Thankfully, customizing tastes and haircuts have moved on. Named after the new owner’s restaurant, ‘Fat Crow’ is a clean sheet approach to the vintage bobber style. To make sure the British twin could still churn out some smiles, the engine was subjected to a complete rebuild. It was also treated to an overbore, punching displacement up to 750, before it was meticulously blasted and cleaned to the showpiece level you see now.
Josh and Chris admit that much of the effort on this build was focused on aesthetics—over 80 hours went into paint and pin striping alone—as fabrication needs were minimal. However, some necessities had to be sorted. Up front, a new set of forks from a ‘70 Trumpet were fitted and its tank was poached, too. The hardtail is a bolt-on affair, and the saddle is a Redtail Leather unit. For their first attempt at a bobber build, we’d say Vintage Steele knocked it out of the park. [More]
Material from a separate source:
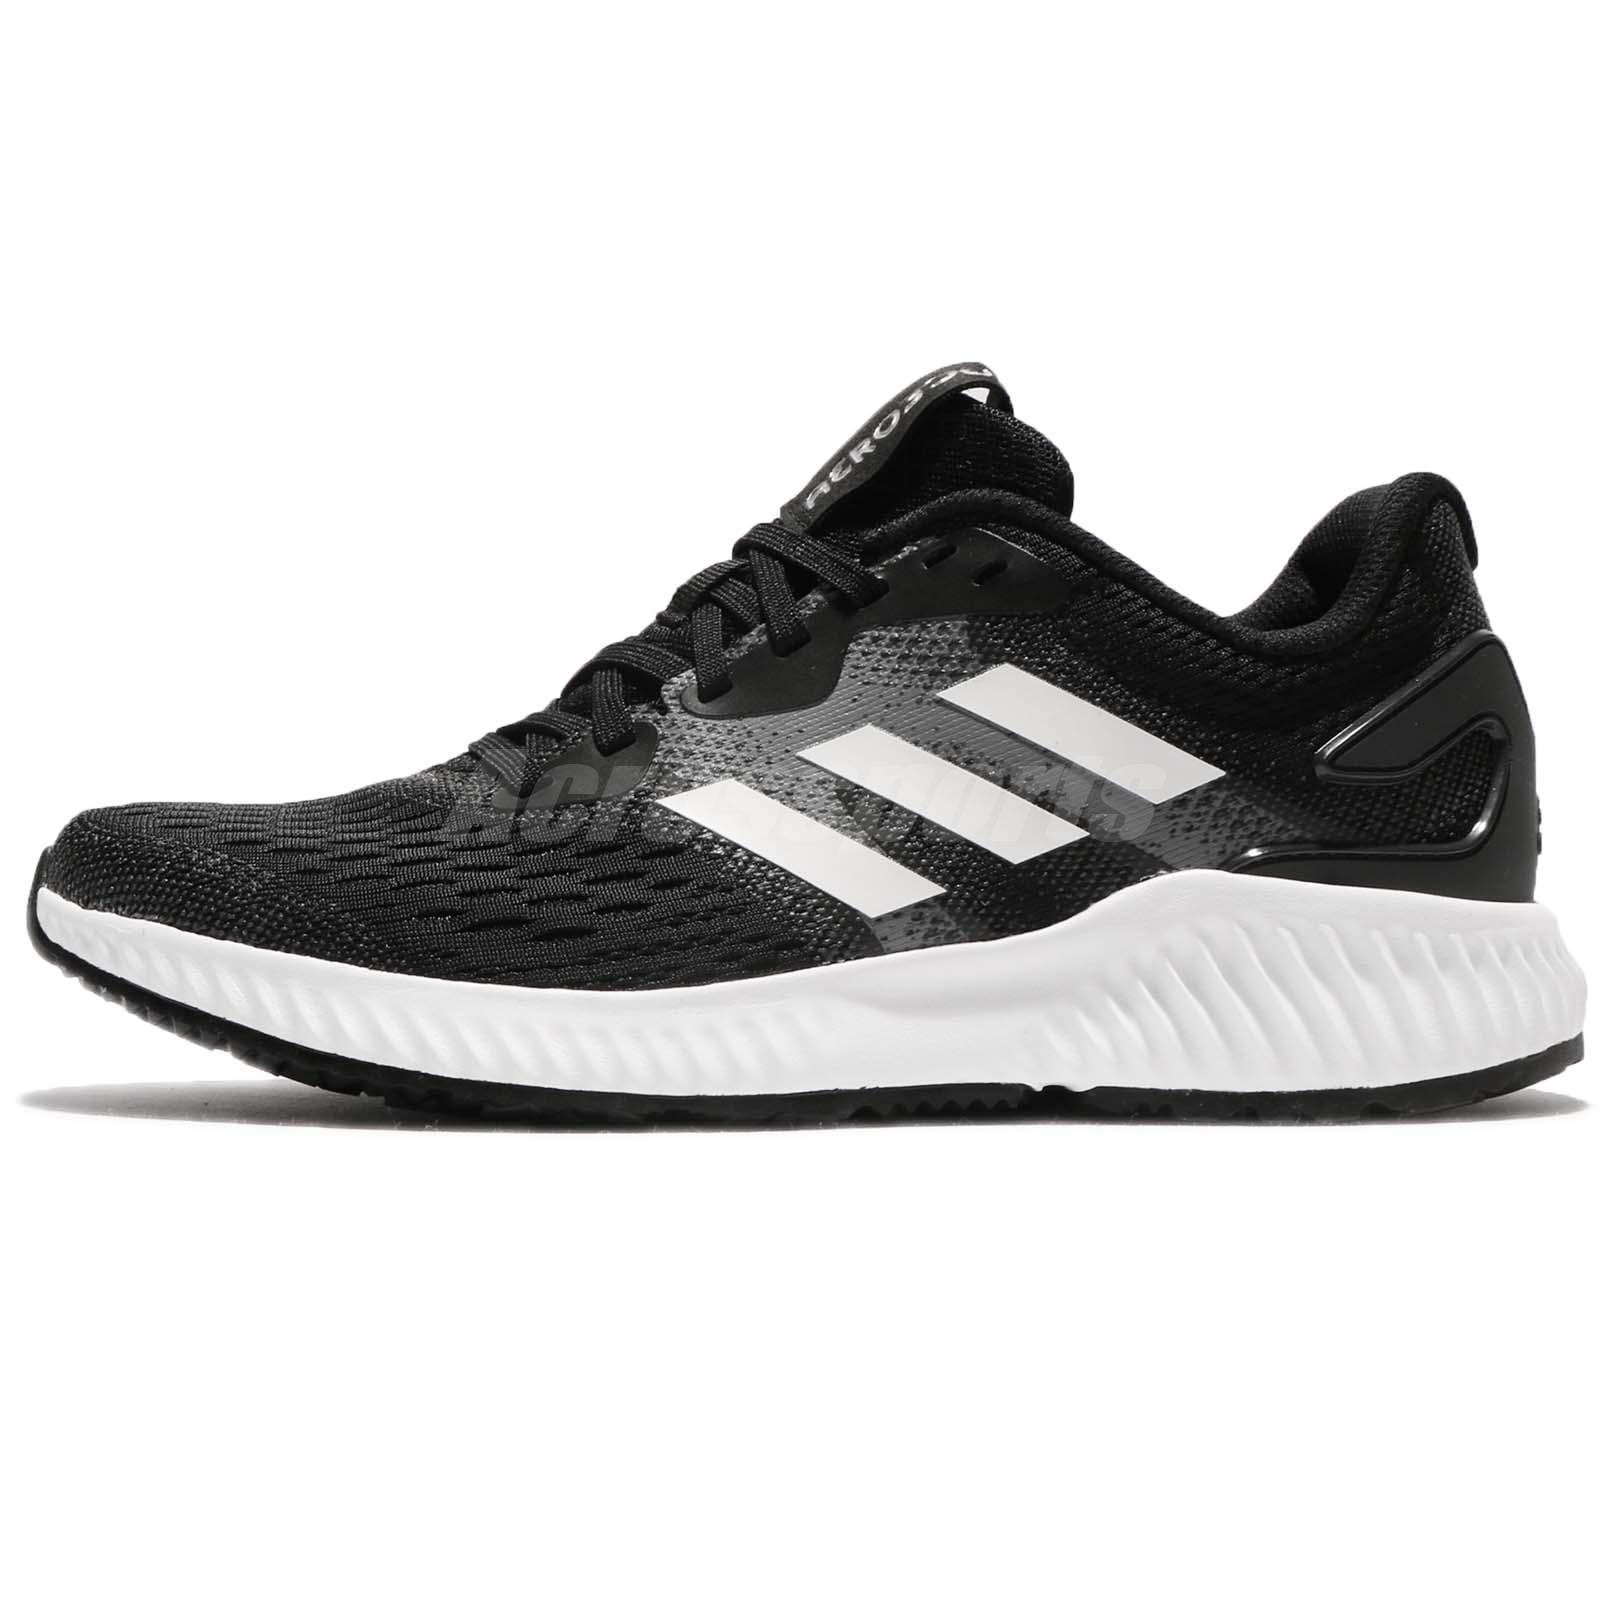 adidas aerobounce 2 running shoes ladies

Auction Watch: Honda RC30 and Yamaha FZR 750RT Sportbikes, unless they’ve been resto-modded back to glory, don’t usually find space on our servers. But every now and then one pops up that needs to be shared. Or in this case, two: hitting the blocks at Bonhams on January 25th are this 1990 Honda RC30 and an equally gorgeous 1991 Yamaha FZR 750RT.
They’ve left us wanting access to a time machine ASAP, or a winning lottery ticket. And not because the Honda is projected to snag upwards of $50k and the Yammie somewhere around $35k. It’s because bikes of this era are possibly the next big trend on the custom horizon, combining the lines and hairy chests of 70s endurance racers with the performance technology that’s got us to where we are now.
The Honda RC30 was designed and engineered to deliver World Superbike wins at any cost. Which it did—as well as securing the TT F1 crown, with Carl Fogarty in the saddle. This particular example is quoted as having a mere “14 push miles from new” and is easily the cleanest example to exist today. It showcases VFR hallmarks like the single-sided swingarm, the quick-release front forks and of course, that sonorous V4 Honda engine.
In comparison, the Yamaha FZR 750RT (developed under the codename OW01) has been used and abused—it has a monstrous 74 miles showing on its odo. It is a pretty rare machine nonetheless, with only 500 examples seeing the light of day from the factory, and a mere 30 making it to North American shores. Much like the RC30, this Yammie is the closest thing to a ‘new old stock’ OW01 you will ever see.
Normally, I’d hope that whoever buys these bikes will actually ride them, but this time I’d be willing to give them a pass. Provided they let me stop by to drool on the display.